Google Says It'll Scrape Everything You Post Online for AI

misk ( @misk@lemm.ee ) · 1 year ago

Google Says It'll Scrape Everything You Post Online for AI

millie ( @millie@beehaw.org ) · 1 year ago

Crazy that Google feeds on all our data and has for years, but when OpenAI puts the benefit of that data back into the hands of users it catches flack.

Rentlar ( @Rentlar@beehaw.org ) · 1 year ago

Perhaps we lived in blissful ignorance all this time. Before AI Language Learning models they are today, Google Translate was most of what the data was going to and it was mainly about getting an adequate translation. Now it’s being used to answer questions on all different subjects using parts of real people’s answers, which could be more frightening to people.
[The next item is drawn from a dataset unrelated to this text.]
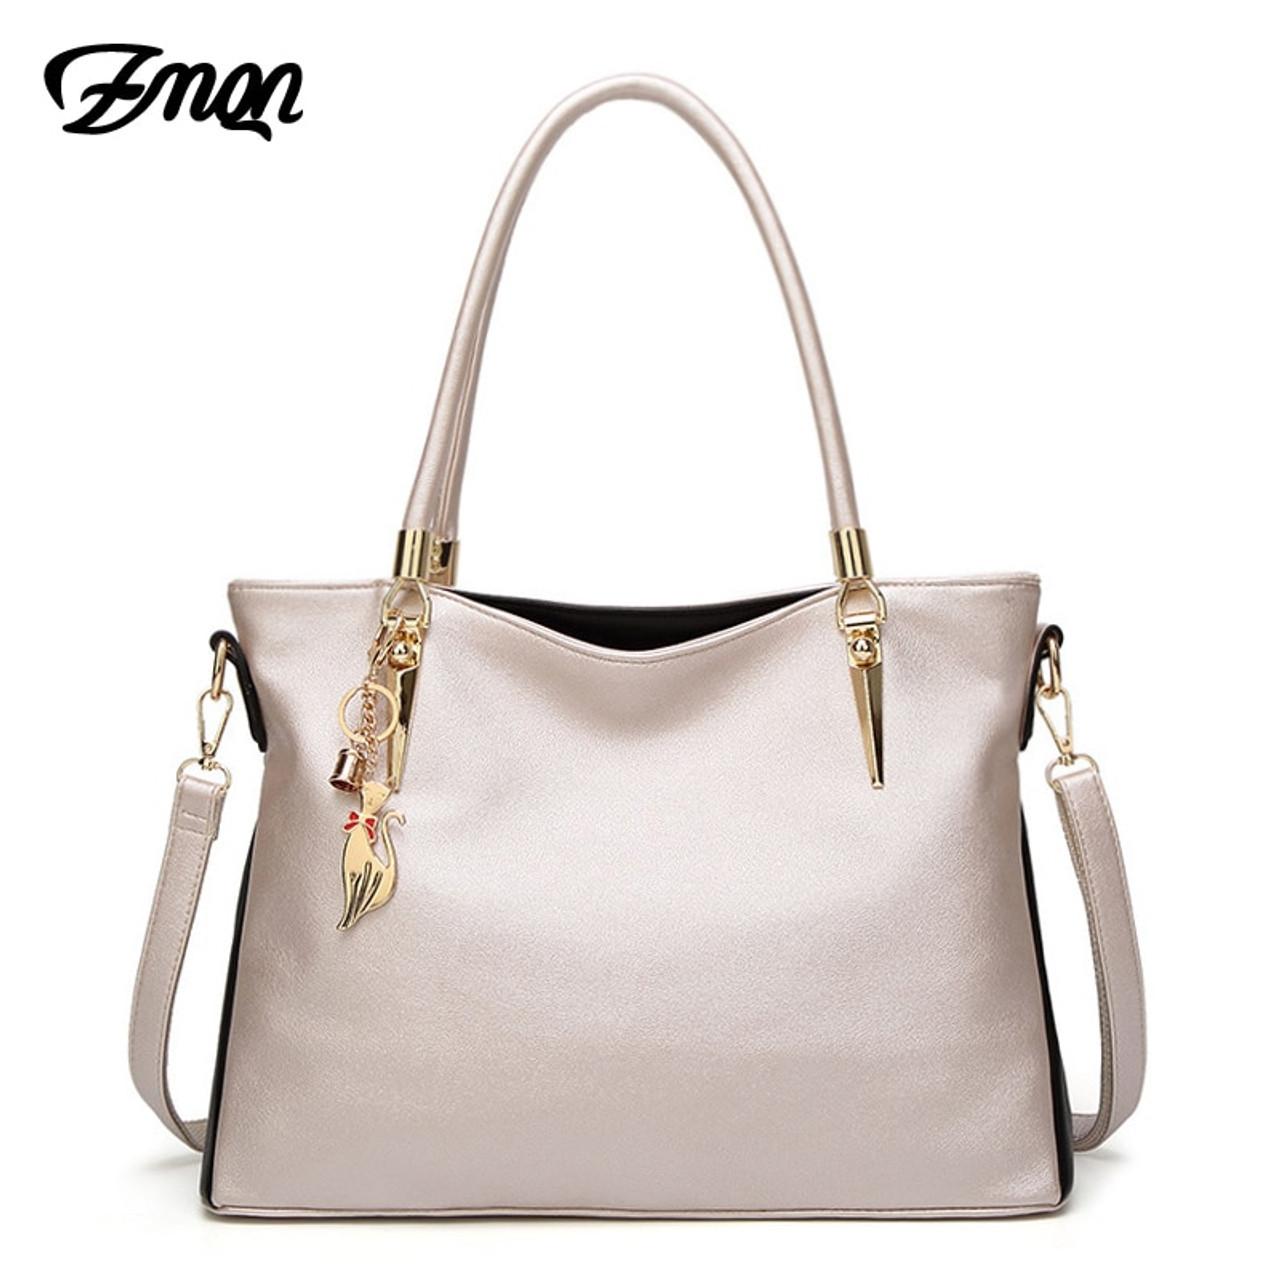 da2641bfa6 ZMQN Luxury Handbags Women Bag Designer 2018 PU Soft Leather Shoulder Bags  for Women Famous Brand ...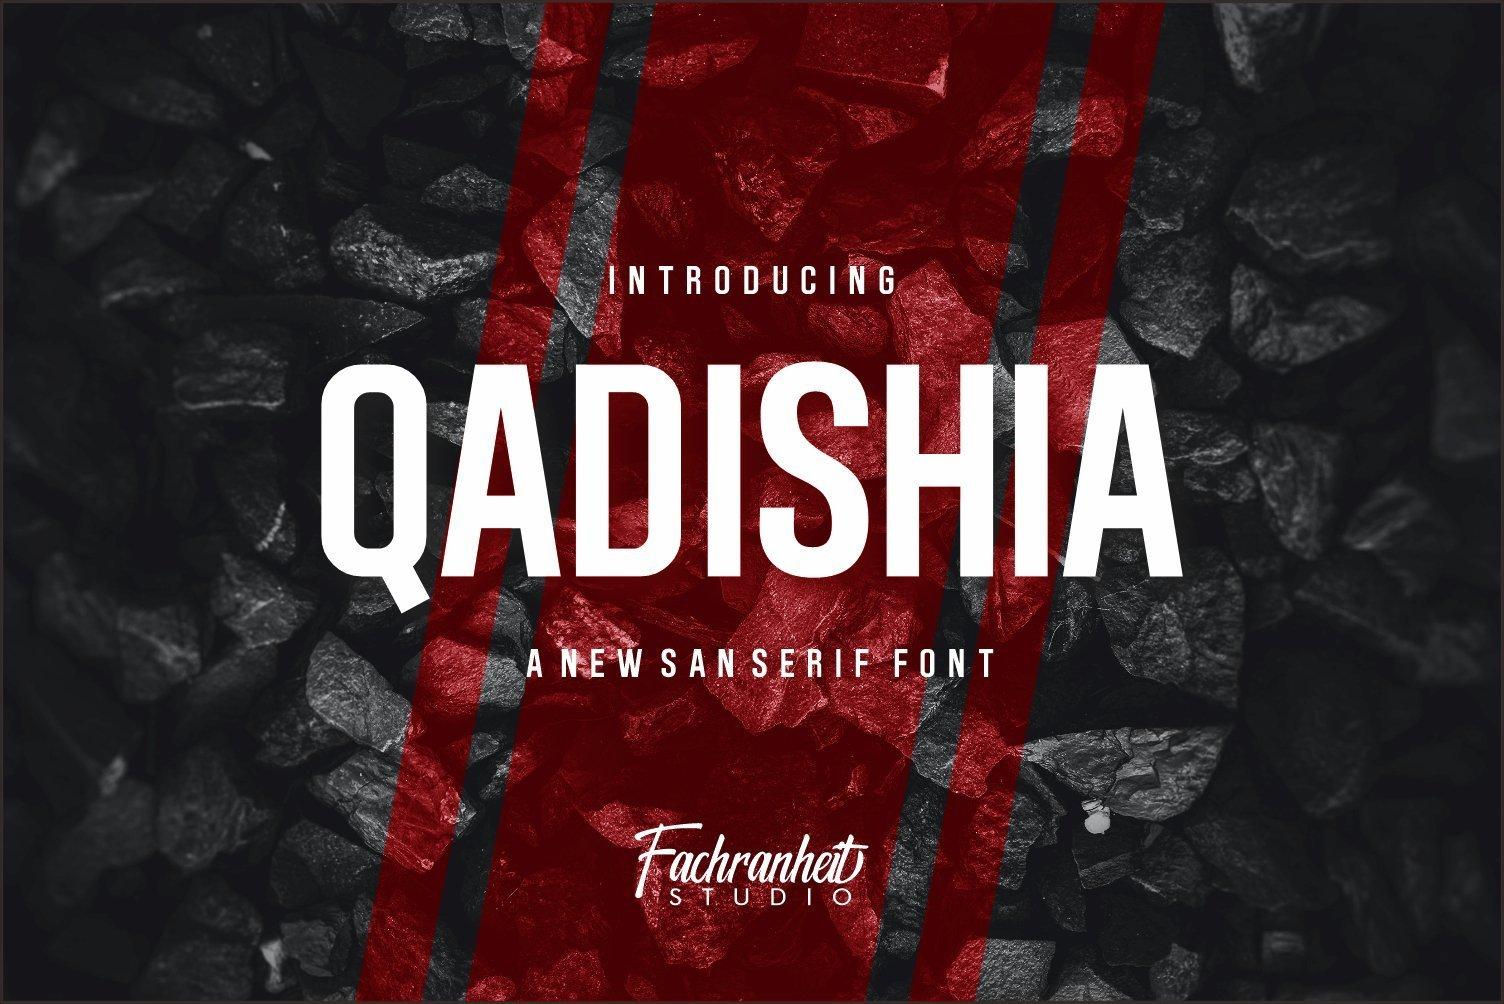 Qadishia-Modern-Sans-Serif-Font-1

shanghaibebop ( @shanghaibebop@beehaw.org ) · edit-2 1 year ago

I think it’s a problem of value capture.

People had no problem posting on reddit and wasting tons of hours helping strangers solve their problems. But now that reddit puts that information behind a paywall, people will have massive issues with that.

Similarly, google scrapped data, but didn’t APPEAR (and i can’t emphasize that enough) to use that data to deliver value that cannot be shared by the people who created that data. Most of the time your value is aligned so that you give up your “data” to google so that google can either provide you with better traffic through its search engine, or better ads to generate revenue for you.

OpenAI does not benefit the original publisher of that information what so ever.

millie ( @millie@beehaw.org ) · 1 year ago

I don’t know about that. When’s the last time you looked something up on Google and the first link was driving traffic to a website rather than scraping one and present it in-engine?